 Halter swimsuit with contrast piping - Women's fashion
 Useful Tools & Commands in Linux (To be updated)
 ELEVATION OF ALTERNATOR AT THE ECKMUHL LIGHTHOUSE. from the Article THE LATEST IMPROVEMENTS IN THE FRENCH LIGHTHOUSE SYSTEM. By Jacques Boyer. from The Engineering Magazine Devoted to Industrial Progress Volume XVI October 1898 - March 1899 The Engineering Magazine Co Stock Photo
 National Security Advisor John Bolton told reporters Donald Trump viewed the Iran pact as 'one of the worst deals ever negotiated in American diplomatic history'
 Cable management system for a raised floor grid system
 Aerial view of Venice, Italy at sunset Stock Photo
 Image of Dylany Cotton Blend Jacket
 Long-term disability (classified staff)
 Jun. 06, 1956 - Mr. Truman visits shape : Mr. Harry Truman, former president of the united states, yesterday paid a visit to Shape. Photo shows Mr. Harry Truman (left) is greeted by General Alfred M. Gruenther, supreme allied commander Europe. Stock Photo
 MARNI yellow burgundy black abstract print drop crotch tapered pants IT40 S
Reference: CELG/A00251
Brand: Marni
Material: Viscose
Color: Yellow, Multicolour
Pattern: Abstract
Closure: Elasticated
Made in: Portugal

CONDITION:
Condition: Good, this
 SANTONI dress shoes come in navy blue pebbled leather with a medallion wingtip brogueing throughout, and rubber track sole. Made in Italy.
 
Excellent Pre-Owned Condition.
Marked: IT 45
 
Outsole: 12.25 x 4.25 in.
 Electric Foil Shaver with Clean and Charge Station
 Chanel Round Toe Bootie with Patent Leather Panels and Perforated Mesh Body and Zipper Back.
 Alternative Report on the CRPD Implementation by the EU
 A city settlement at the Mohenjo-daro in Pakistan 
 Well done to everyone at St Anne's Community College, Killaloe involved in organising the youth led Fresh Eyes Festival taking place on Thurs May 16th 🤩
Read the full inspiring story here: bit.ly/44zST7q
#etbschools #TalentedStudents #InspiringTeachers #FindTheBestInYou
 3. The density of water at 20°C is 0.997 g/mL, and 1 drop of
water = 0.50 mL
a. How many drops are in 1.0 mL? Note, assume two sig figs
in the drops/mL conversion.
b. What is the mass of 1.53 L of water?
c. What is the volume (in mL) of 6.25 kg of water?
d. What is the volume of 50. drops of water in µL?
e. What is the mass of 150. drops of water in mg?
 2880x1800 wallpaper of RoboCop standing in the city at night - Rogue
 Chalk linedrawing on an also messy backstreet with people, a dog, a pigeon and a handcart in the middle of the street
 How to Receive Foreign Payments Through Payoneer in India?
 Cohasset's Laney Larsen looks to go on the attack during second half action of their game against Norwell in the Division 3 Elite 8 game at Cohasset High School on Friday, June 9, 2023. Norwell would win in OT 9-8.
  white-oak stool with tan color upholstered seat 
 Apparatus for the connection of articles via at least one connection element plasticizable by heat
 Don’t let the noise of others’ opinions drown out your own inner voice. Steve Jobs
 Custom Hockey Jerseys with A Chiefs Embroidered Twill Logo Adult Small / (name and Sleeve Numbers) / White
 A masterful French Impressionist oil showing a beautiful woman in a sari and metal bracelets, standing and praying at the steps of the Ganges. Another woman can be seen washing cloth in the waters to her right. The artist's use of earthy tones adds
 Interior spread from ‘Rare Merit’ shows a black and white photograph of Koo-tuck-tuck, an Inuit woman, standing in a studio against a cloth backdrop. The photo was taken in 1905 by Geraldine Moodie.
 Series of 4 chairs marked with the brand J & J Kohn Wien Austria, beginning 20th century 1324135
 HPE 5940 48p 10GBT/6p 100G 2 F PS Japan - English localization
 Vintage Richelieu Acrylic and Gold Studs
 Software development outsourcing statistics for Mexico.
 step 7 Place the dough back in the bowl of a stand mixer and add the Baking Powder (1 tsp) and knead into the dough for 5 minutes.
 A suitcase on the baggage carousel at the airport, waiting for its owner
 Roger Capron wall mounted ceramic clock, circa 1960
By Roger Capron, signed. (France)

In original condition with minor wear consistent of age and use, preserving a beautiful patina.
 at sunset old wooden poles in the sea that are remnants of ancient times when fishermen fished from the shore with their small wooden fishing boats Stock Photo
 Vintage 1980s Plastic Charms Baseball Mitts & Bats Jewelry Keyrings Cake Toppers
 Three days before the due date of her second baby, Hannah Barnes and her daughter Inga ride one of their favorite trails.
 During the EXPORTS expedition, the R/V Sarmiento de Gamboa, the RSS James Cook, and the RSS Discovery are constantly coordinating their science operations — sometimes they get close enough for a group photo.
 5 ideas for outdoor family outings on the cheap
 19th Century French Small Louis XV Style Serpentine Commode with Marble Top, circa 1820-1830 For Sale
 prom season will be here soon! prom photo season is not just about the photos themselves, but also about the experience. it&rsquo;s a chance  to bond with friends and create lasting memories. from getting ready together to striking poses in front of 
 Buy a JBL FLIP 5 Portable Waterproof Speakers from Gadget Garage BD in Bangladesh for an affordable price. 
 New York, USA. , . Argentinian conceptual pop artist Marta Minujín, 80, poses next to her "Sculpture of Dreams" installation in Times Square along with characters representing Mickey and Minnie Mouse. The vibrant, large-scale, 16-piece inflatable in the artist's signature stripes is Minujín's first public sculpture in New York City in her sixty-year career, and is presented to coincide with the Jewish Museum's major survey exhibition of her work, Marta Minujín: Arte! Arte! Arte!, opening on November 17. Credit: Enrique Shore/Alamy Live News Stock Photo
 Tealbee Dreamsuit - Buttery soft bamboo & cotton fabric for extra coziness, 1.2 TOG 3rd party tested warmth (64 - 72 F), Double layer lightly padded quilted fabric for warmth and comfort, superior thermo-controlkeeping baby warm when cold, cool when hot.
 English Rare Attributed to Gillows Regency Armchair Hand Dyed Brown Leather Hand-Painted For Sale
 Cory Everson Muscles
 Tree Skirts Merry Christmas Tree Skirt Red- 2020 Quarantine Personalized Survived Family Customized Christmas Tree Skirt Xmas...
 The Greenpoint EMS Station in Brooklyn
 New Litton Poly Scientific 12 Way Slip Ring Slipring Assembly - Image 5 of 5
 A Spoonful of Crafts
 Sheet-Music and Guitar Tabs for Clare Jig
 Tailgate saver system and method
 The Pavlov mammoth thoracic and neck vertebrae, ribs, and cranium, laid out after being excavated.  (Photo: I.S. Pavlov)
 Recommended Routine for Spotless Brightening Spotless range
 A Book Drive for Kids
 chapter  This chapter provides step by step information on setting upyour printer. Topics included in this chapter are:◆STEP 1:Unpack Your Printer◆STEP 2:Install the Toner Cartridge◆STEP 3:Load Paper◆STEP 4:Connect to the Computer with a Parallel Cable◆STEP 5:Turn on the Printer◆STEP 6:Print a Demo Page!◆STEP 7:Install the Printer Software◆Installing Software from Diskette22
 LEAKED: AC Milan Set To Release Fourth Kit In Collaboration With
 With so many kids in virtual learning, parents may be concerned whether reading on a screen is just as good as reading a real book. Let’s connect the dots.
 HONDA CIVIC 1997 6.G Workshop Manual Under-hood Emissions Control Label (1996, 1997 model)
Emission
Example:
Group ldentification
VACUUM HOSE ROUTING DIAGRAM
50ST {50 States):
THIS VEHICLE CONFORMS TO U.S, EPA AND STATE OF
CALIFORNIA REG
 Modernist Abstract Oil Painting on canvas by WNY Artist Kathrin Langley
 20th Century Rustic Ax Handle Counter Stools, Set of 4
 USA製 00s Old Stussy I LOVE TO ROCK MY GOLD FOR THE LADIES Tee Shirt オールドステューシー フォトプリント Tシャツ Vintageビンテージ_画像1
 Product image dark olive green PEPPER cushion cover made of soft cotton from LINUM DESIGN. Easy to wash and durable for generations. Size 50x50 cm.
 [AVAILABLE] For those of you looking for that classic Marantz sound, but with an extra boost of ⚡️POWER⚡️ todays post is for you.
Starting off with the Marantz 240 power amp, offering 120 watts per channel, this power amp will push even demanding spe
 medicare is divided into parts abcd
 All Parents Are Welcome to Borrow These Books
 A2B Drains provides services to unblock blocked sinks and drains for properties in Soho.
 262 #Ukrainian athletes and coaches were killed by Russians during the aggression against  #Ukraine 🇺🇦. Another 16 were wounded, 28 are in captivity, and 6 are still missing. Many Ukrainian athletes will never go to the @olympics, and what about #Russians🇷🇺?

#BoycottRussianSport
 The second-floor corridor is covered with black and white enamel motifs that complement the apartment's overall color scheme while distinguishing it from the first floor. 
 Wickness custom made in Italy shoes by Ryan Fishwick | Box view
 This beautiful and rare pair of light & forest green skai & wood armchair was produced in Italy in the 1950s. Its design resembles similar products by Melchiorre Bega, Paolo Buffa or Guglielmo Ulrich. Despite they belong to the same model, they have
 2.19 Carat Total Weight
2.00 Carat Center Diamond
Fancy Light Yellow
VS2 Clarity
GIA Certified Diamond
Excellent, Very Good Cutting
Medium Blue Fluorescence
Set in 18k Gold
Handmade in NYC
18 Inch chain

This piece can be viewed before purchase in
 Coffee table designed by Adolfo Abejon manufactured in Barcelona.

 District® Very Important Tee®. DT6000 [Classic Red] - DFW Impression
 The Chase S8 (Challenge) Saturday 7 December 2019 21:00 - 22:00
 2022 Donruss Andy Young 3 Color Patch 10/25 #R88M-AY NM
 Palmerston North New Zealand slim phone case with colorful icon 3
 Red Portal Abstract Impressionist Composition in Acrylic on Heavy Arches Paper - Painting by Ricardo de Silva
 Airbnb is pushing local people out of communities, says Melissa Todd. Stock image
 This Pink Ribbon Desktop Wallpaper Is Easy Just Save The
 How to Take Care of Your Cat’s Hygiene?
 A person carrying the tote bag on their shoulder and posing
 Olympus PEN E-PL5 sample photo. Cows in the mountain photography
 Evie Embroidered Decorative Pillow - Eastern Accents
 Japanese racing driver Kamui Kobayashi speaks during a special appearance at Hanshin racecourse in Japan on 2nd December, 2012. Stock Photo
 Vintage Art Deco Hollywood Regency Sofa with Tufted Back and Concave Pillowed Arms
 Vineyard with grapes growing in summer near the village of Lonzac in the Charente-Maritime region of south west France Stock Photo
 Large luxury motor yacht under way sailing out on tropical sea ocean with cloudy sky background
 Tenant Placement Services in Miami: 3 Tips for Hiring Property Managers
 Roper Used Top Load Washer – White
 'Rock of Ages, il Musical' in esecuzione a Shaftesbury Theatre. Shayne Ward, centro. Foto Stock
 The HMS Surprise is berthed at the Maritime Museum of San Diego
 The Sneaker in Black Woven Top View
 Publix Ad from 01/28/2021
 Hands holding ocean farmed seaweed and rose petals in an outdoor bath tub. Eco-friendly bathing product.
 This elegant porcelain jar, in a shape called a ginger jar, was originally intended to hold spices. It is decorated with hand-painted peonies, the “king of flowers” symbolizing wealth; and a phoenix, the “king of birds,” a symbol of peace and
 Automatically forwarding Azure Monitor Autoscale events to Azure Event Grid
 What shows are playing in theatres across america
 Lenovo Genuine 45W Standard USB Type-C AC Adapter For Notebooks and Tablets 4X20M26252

##########

** Task to carry out **
Every line of the records above where the string "their" is found should be copied.

** Task response **
 Cohasset's Laney Larsen looks to go on the attack during second half action of their game against Norwell in the Division 3 Elite 8 game at Cohasset High School on Friday, June 9, 2023. Norwell would win in OT 9-8.
 at sunset old wooden poles in the sea that are remnants of ancient times when fishermen fished from the shore with their small wooden fishing boats Stock Photo
 Three days before the due date of her second baby, Hannah Barnes and her daughter Inga ride one of their favorite trails.
 During the EXPORTS expedition, the R/V Sarmiento de Gamboa, the RSS James Cook, and the RSS Discovery are constantly coordinating their science operations — sometimes they get close enough for a group photo.
 A person carrying the tote bag on their shoulder and posing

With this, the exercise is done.